P(Y|X) - given X, predict Y.Labelled data is needed- Train the model with all independent variables and dependent variables.
- for example if I want to train a model to predict correctly whether an MRI scan is cancerous or not,
- First - pass all the X variables (features) of the MRI scan to the model, pass all Y.
- The model understands the pattern of the data on which it is trained. Basically it forms an equation between X and Y, giving $y=f(x)$
- since now, the model has the $f(x)$ , I can pass any unknown x for which the model was never trained, and it will give me $y$
- The model is constricted to predict only type of prediction.
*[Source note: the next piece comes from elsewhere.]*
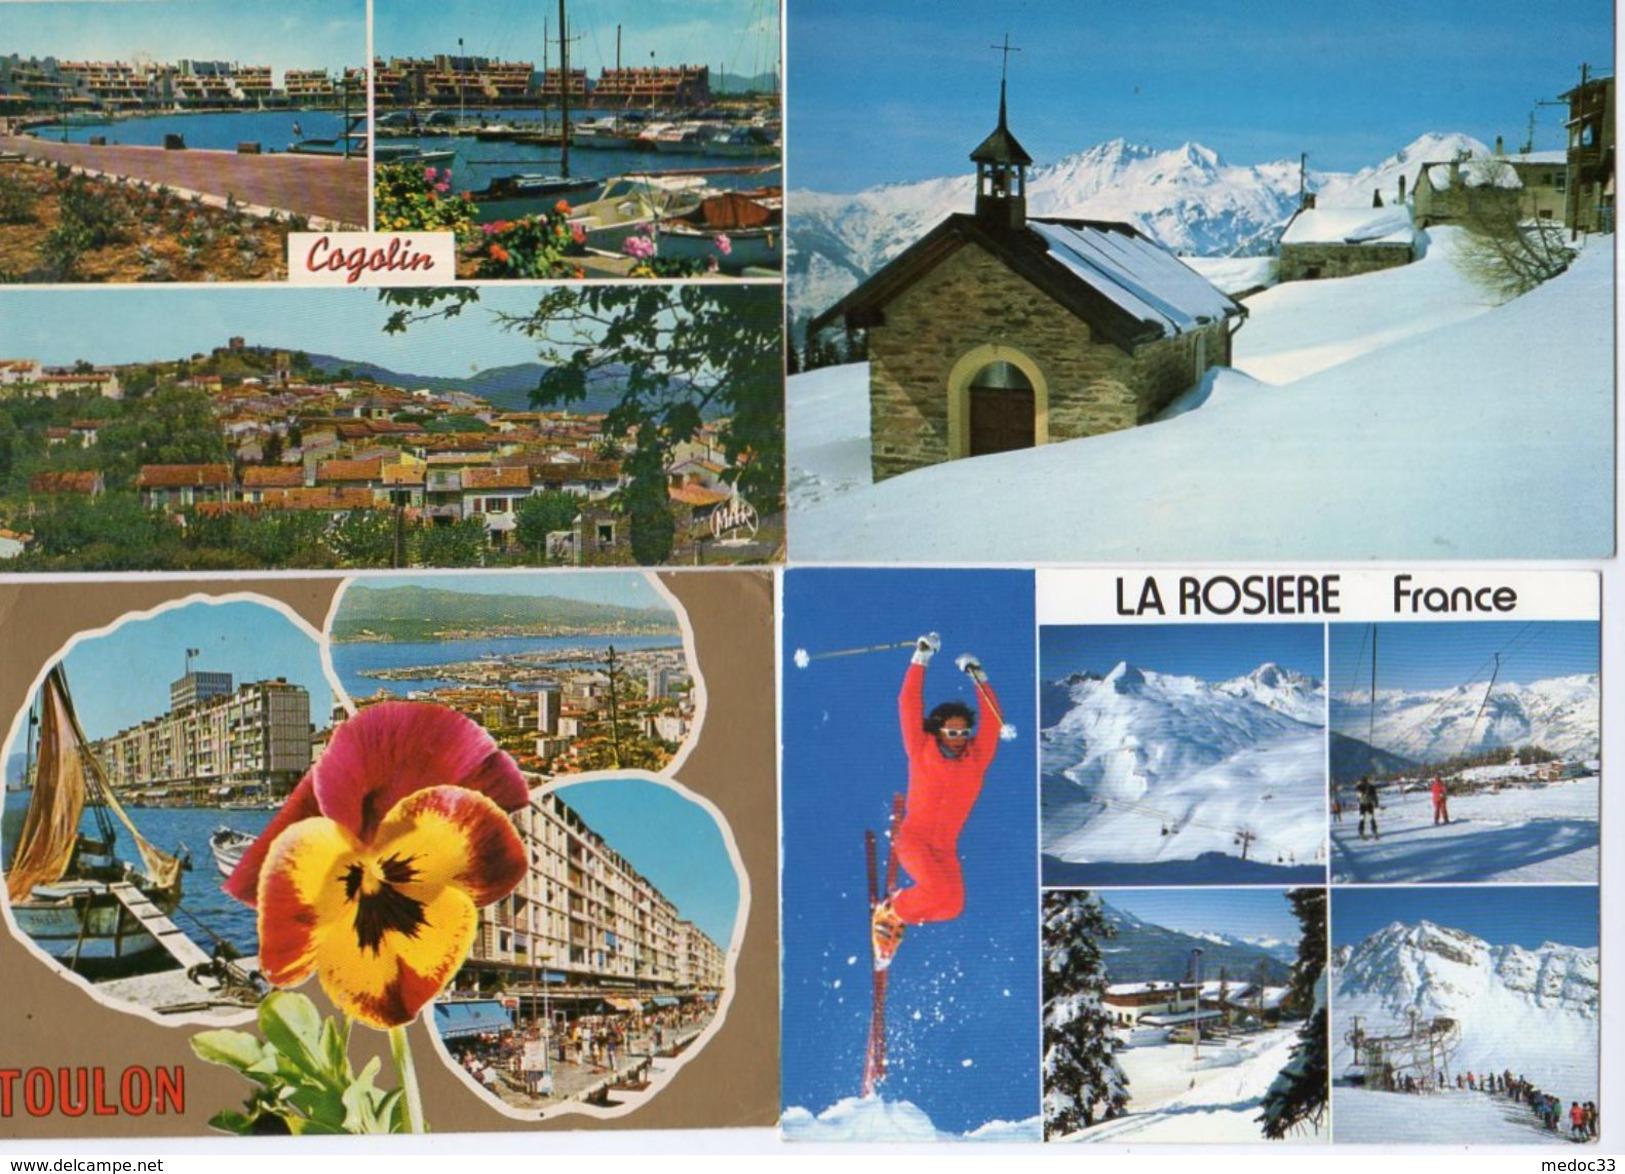 Lot De 500 Cartes De France (400 Cpm Et 100 Cpsm GF) - Cartes Postales
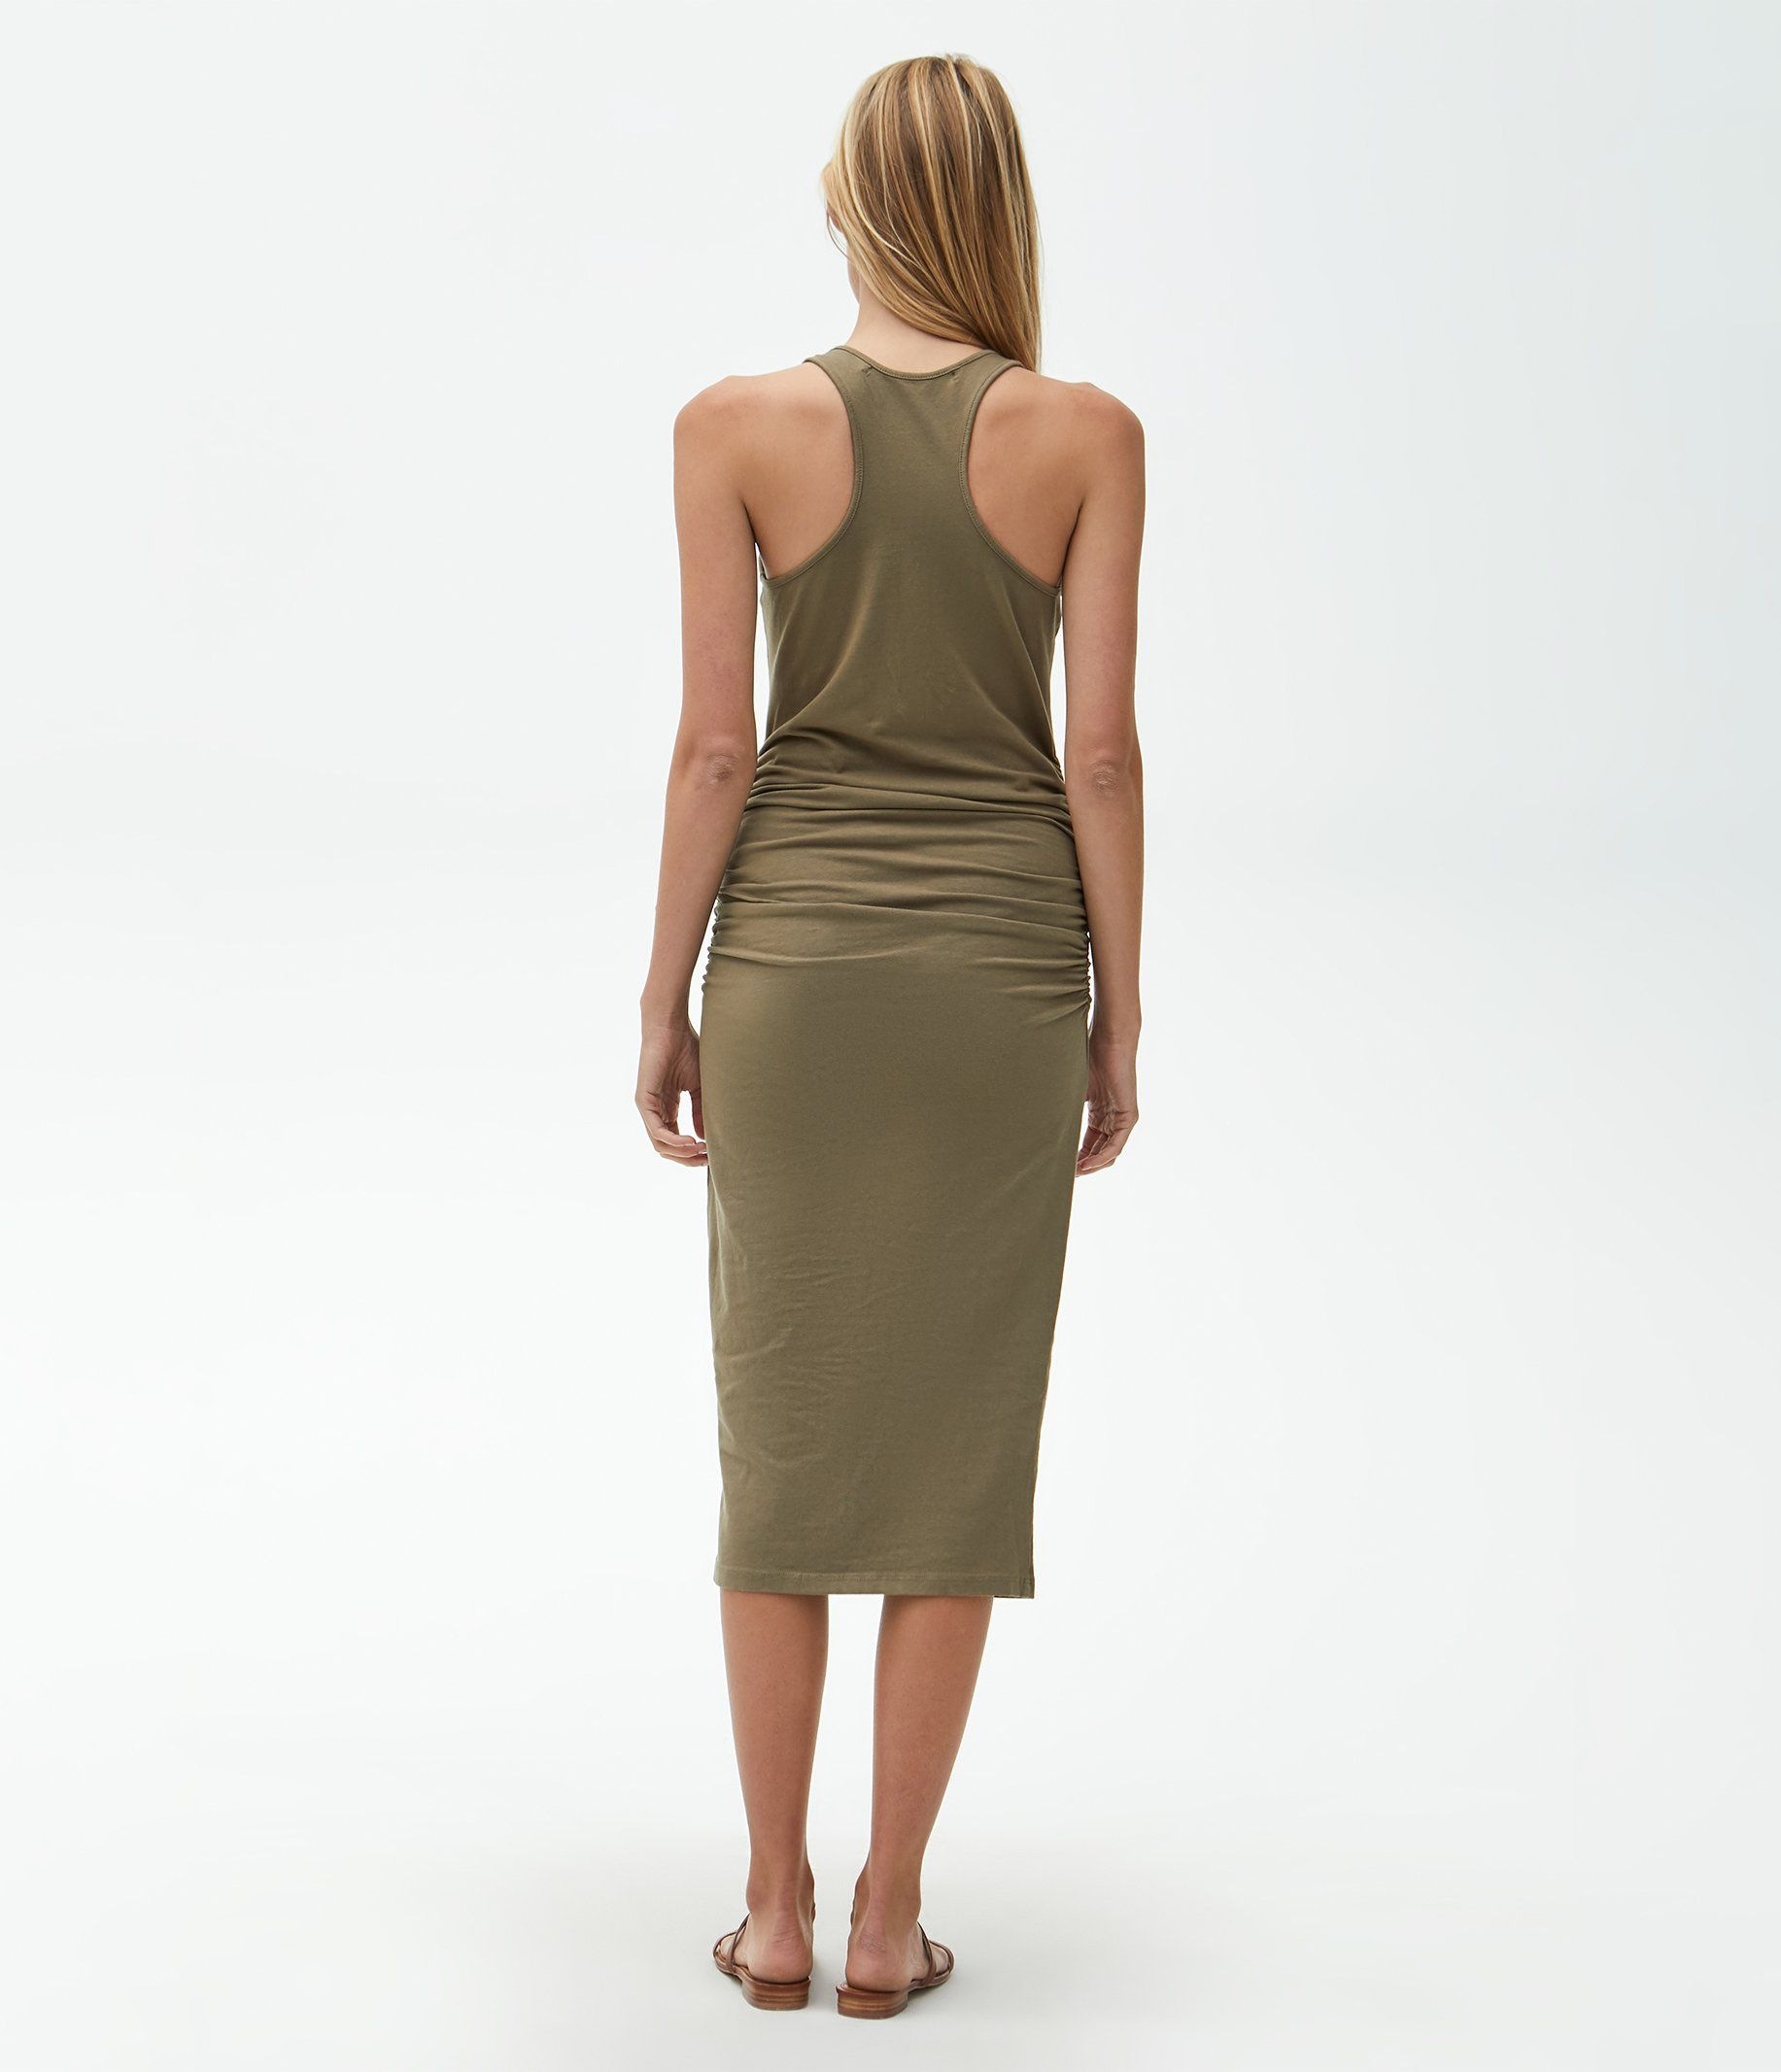 Racerback Midi Dress In 2020 Racerback Midi Dress Midi Dress Midi Dress Style [ 2133 x 1833 Pixel ]

- Generative models - generative models learn the joint distribution
P(X,Y) - fine the probability when X and Y happen together. They generate new data based on the inputs. Labelling is not needed.- Where the mind is without — : the next token is predicted based on the past inputs. So, these supervised models are known as autoregressive models.
- Examples: GPT, BERT, T5, LLaMA, PaLM,
- A generative model is first trained with lots of data. that is known as corpus. I am not labelling the output.
- Transformers like GPT, BERT etc are first trained with all the data in the internet. But none of these data are labelled. Not lablled means training data just passes X. It does not care about Y.
- When transformer architecture works, it takes the past data (X) and predicts the next token (Y).
- basically Ys are determined by shifting the window one token to the right each time the model tries to predict the next token.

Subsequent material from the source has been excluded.